Currently, all of our CO2 supply is from our interest – our VPPs – in fields producing naturally occurring sources.  In the future we may have to obtain our CO2 supply from manufactured processes. Naturally-occurring CO2, like that from the Jackson Dome area, occurs infrequently, and only in limited areas east of the Mississippi River.  Our industrial CO2 customers have facilities that are connected to the NEJD CO2 pipeline, which makes delivery easy and efficient.  Once our existing VPPs expire, we will have to obtain additional CO2 should we choose to remain in the CO2 supply business, and the competition and pricing issues we will face at that time are uncertain.
 
With regard to our CO2 supply business, our contracts have long terms and generally include take-or-pay provisions requiring annual minimum volumes that each customer must pay for even if the CO2 is not taken.
 
Due to the long-term contract and location of our syngas facility, as well as the costs involved in establishing facilities, we believe it is unlikely that competing facilities will be established for our syngas processing services.
 
Sandhill has competition from the other industrial customers to whom we supply CO2.  As discussed above, the limited amounts of naturally-occurring CO2 east of the Mississippi River makes it difficult for competitors of Sandhill to significantly increase their production or sales and, thereby, increase their market share.
 
Geographic Segments
 
All of our operations are in the United States.  Additionally, we transport and sell NaHS to customers in South America and Canada.  Revenues from customers in foreign countries totaled approximately $9.5 million in 2009.  The remainder of our revenues in 2009 and all of our revenues in 2008 and 2007 were generated from sales to customers in the United States.
 
Credit Exposure
 
Due to the nature of our operations, a disproportionate percentage of our trade receivables constitute obligations of oil companies, independent refiners, and mining and other industrial companies that purchase NaHS.  This energy industry concentration has the potential to impact our overall exposure to credit risk, either positively or negatively, in that our customers could be affected by similar changes in economic, industry or other conditions.  However, we believe that the credit risk posed by this industry concentration is offset by the creditworthiness of our customer base.  Our portfolio of accounts receivable is comprised in large part of integrated and independent energy companies with stable payment experience.  The credit risk related to contracts which are traded on the NYMEX is limited due to the daily cash settlement procedures and other NYMEX requirements.
 
When we market crude oil and petroleum products and NaHS, we must determine the amount, if any, of the line of credit we will extend to any given customer.  We have established procedures to manage our credit exposure, including initial credit approvals, credit limits, collateral requirements and rights of offset.  Letters of credit, prepayments and guarantees are also utilized to limit credit risk to ensure that our established credit criteria are met.
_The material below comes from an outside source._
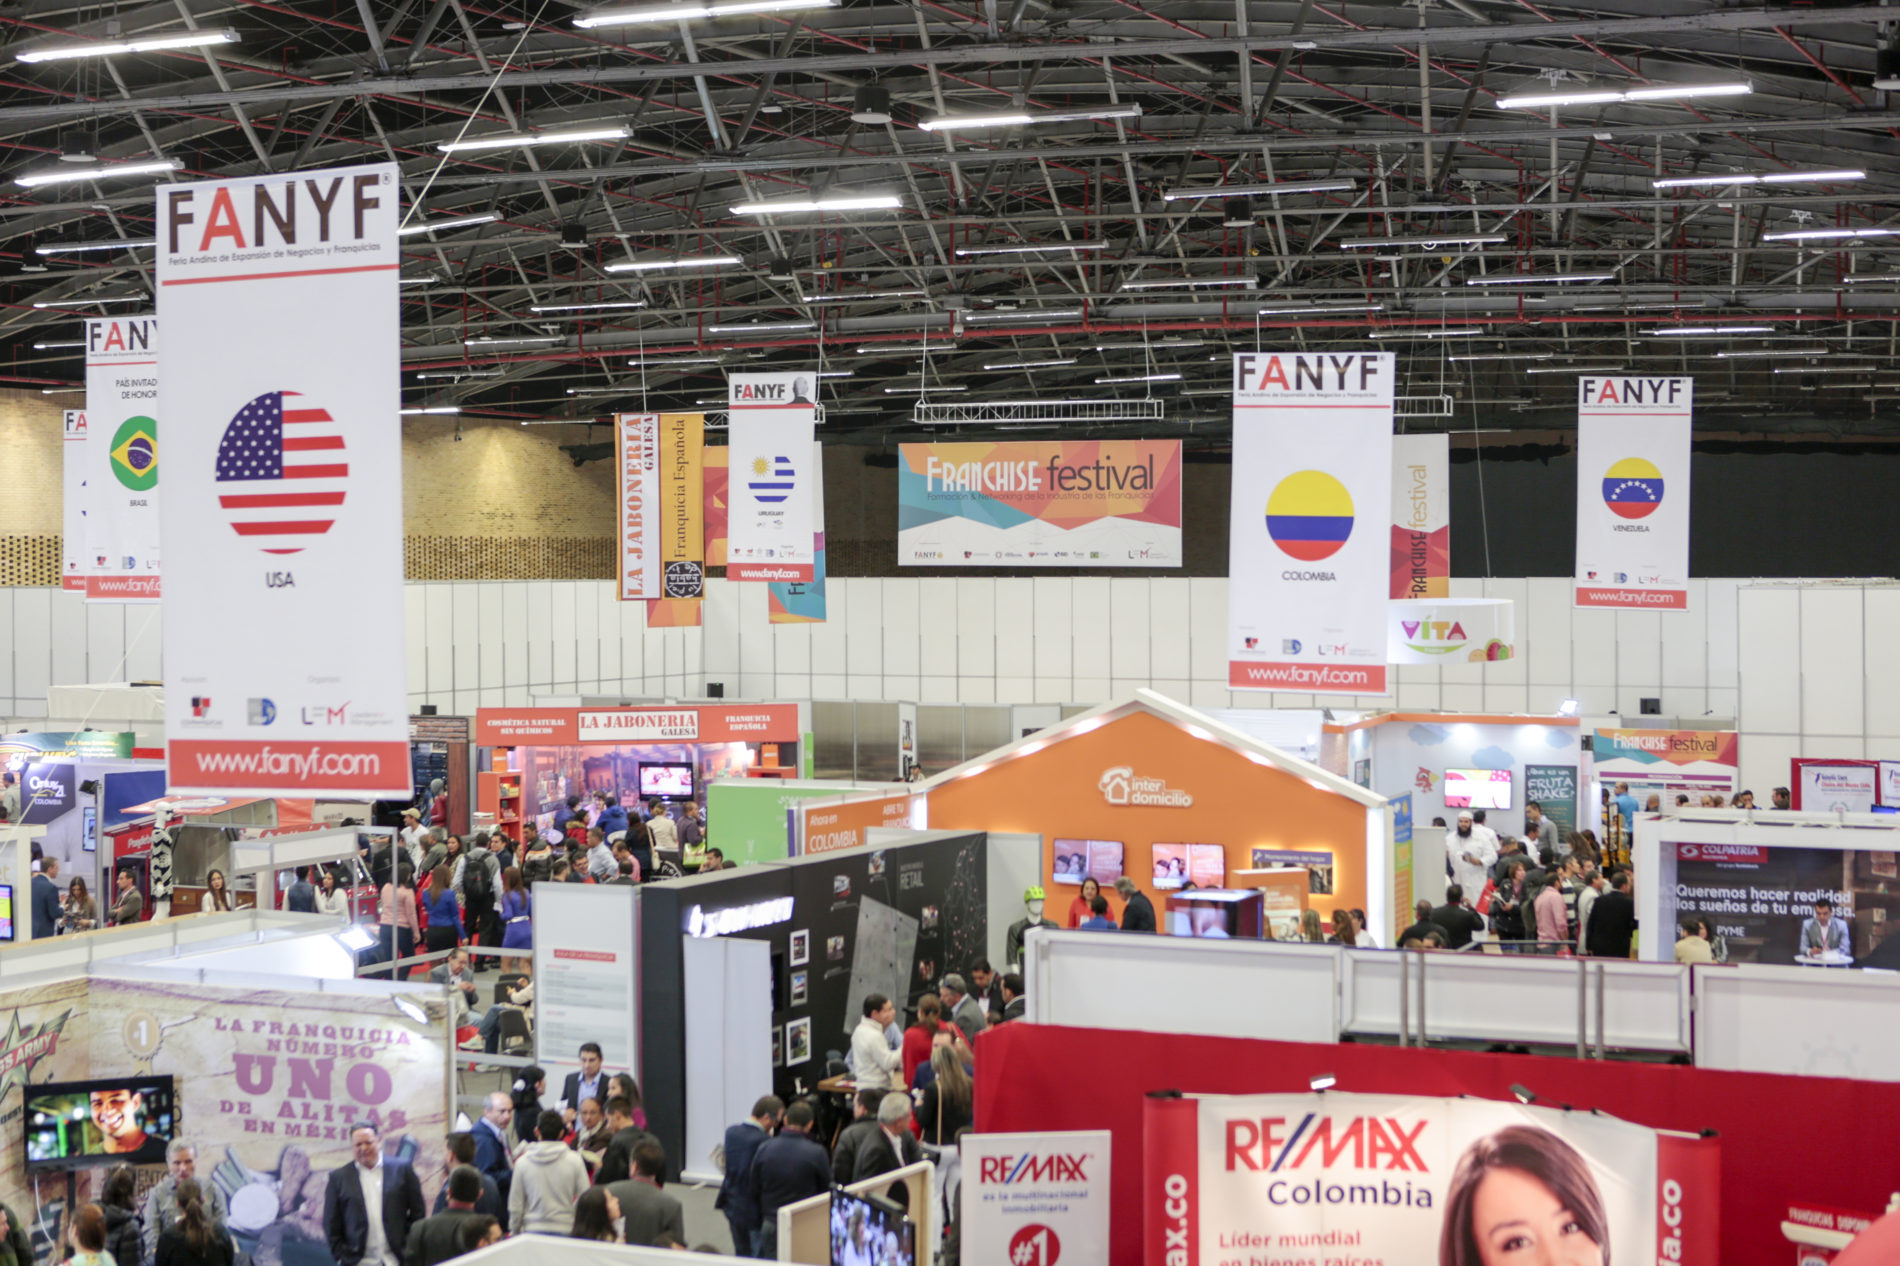 Festival de Formación en Franquicias Fanyf: la más importante actividad de capacitación en franquicias de Colombia e Iberoamérica

We use similar procedures to manage our exposure to our customers in the pipeline transportation and industrial gases segments.
 
Some of our customers experienced cash flow difficulties in 2009 as a result of the tightening of the credit markets and the economic recession in the United States.  These customers generally purchase petroleum products and NaHS from us.  We have strengthened our credit monitoring procedures to perform more frequent review of our customer base.  As a result of cash flow difficulties of some of our customers, we have experienced a delay in collections from these customers and have established an allowance for possible uncollectible receivables at December 31, 2009 in the amount of $1.4 million.  During 2009, we charged approximately $0.6 million to bad debt expense in our Consolidated Statements of Operations.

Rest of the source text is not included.